Measurable, not vibes.

Alert rationalization¶

Alerts must be:

Actionable — the on-call knows what to do
Novel — not a dupe of a currently-firing alert
Correlated to an event we care about — not "metric X moved"

The trusted rig's alert taxonomy:

Alert	Severity	Action
`SLOBurnFast`	P1	Flip flag kill switch, dispatch Repair-E
`AdmissionRejectionSpike`	P1	Investigate compromised agent or misconfigured policy
`AgentStuckRateHigh`	P2	Check if new model deployed; review recent prompt changes
`BudgetExhaustion`	P2	Suspend dispatch, human investigation
`ModelOutputDriftDetected`	P2	Run full eval suite; compare to baseline
`DependencyMalwareDetected`	P1	Quarantine affected service; rotate secrets
`T3AdmissionWithoutHumanCosign`	P0	Never expected; emergency investigation
`CanaryFalsePositiveRateHigh`	P3	Tune analysis template; longer `consecutiveSuccessLimit`

P0 is DM + @mention (Discord). P1 is #admin channel. P2 is per-issue thread. P3 is dashboard-only. See self-healing.md for severity routing.

Logs¶

Logs flow through the OTel Collector to Grafana Cloud Loki. Convention:

JSON structured log lines
Correlation with trace ID via trace_id field
Every agent log line carries agent.id, task.id, event.id
Every service log line carries service.name, version, request_id

Log retention: 14 days (Grafana Cloud Free limit). Persistent audit trail goes through rig-conductor's event store (Postgres), not logs.

Traces¶

OTel traces end-to-end:

[user submits issue #42]
  → Spec-E span (infer tier)
    → LLM call span
    →  rig-conductorTaskSpec commit span
  → Dispatch span
    → Dev-E assignment span
      → Tool call span (Read)
      → Tool call span (Grep)
      → ...
      → Tool call span (gh pr create)
        → GitHub API span
  → Review-E span
    → LLM call span
    → PR comment span
  → Kyverno admission span
  → Flagger canary span
    → Prometheus analysis span (×N)
  → Promotion span

Sampling: 100% for T2/T3 tasks, 10% for T1, 1% for T0. Traces are the replay substrate for any post-incident investigation.
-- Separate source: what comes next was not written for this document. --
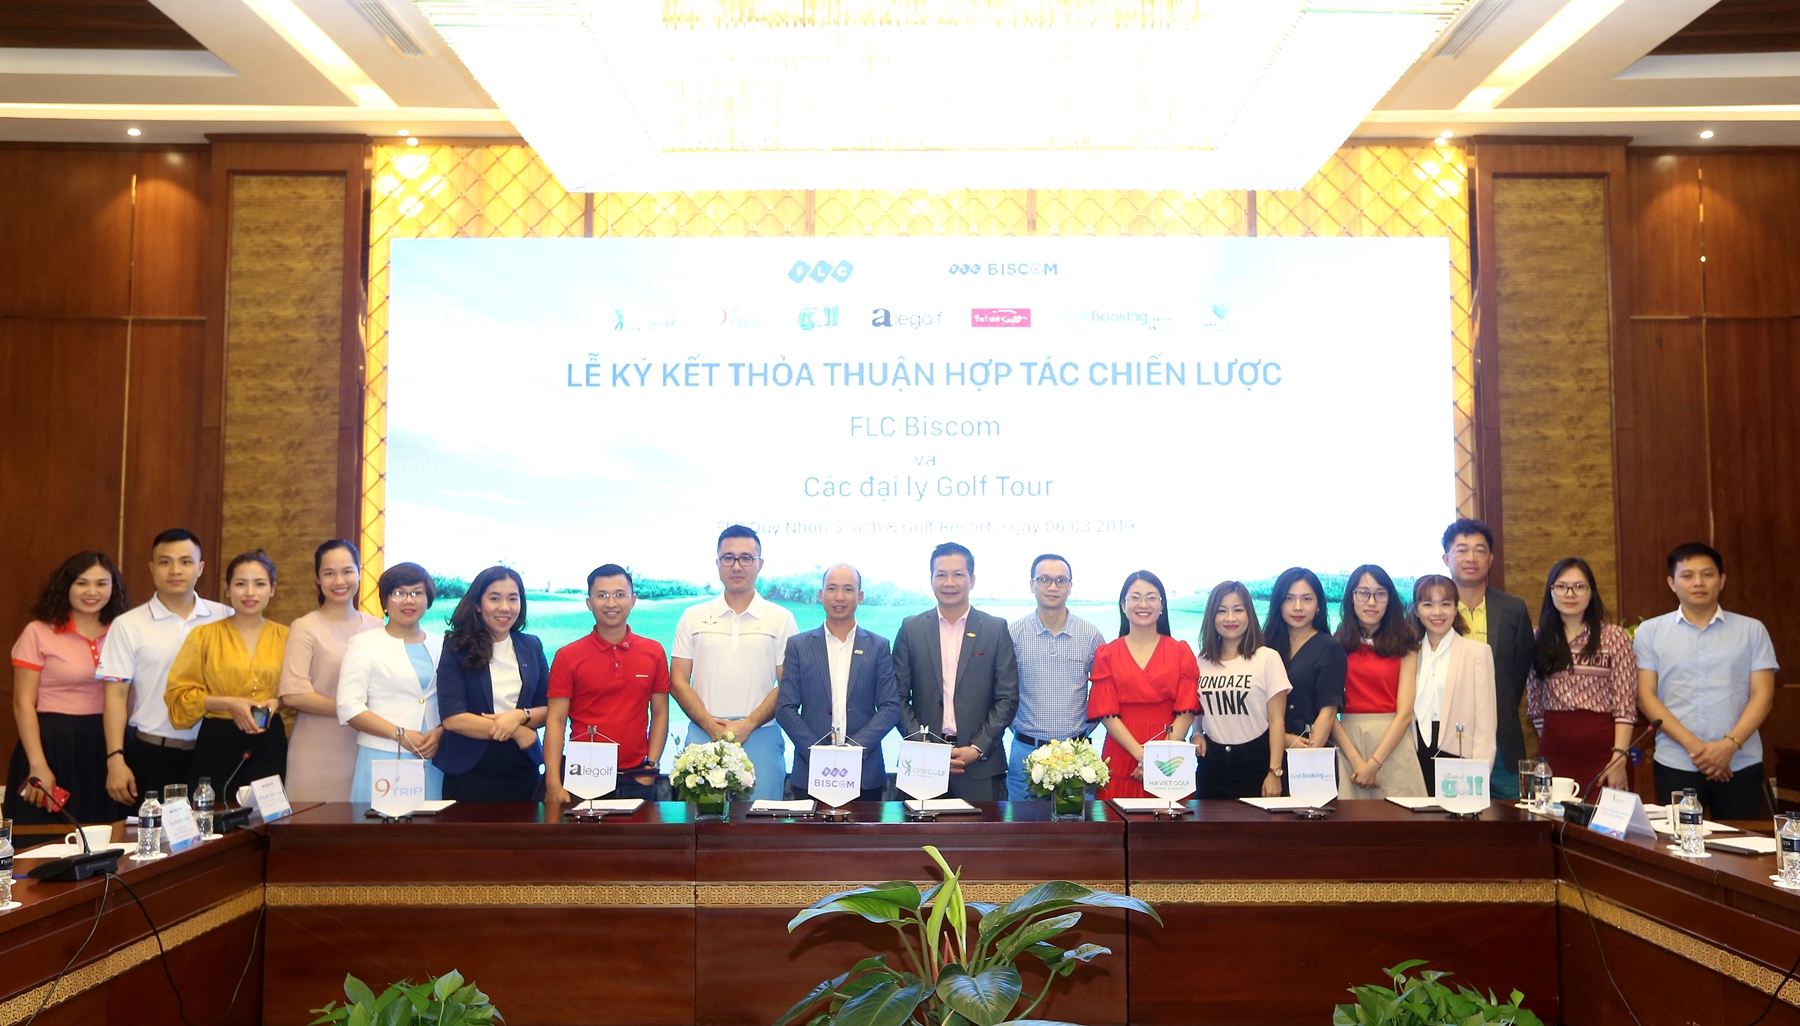 FLC Biscom 'bắt tay' với 10 đại lý golf tour lớn nhất Việt Nam

Dashboards users care about¶

Dashboard	Audience	Primary questions
Rig Quality	Humans, weekly review	"Are the agents getting better?" "What's the trend on goal accuracy per agent?"
Cost	Humans, daily	"Are we within budget?" "Which agent is expensive this week?"
Production Health (SREs)	Humans, on-call	"Are any services burning budget?" "What's the current error budget remaining?"
Agent Liveness	Both	"Is each agent online and making progress?" "What's the stuck rate?"
Attestation Chain	Humans, audit	"Is every prod change attested?" "Which admissions were rejected and why?"
Drift	Humans, weekly	"Did the model behavior change this week?" "Any prompt regressions in CI?"

All stored as code (dashboards/ in rig-gitops), deployed via Flux.

The minimum-viable observability for an 8GB VM¶

If the full stack is the target, the first cut is smaller:

OTel Collector (200MB)
Langfuse self-hosted (~800MB with Postgres + ClickHouse)
Local Prometheus (1GB)
Grafana Cloud Free (0MB local)

Total: ~2GB. Sufficient for a 1-2 person rig. Grows linearly with service count.

If even this is too much, drop to:

OTel Collector (200MB)
Grafana Cloud free for everything including Prometheus-compatible metrics (0MB local)
No Langfuse — ingest LLM traces into Grafana Tempo with GenAI semantic conventions

Trade-off: Grafana Tempo is not as strong for LLM-specific analysis (prompt versioning, eval scoring) but keeps the memory footprint minimal.

What not to do¶

Ship without observability. Phase 2 of the roadmap (index.md) is explicit: measurement before autonomy. Violating this is violating principle 1.
Self-host the full LGTM stack on 8GB. Memory-starves the rig under load. Hybrid is the sane choice.
Sample at 1% everywhere. T2/T3 tasks need 100% sampling — they're the audit-critical ones.
Alert on every metric deviation. Alert fatigue is the single biggest failure mode of observability programs. Every alert must be actionable.
Build dashboards after the fact. Dashboards are built as the metric is added. "We'll add dashboards later" means nobody looks at the metric.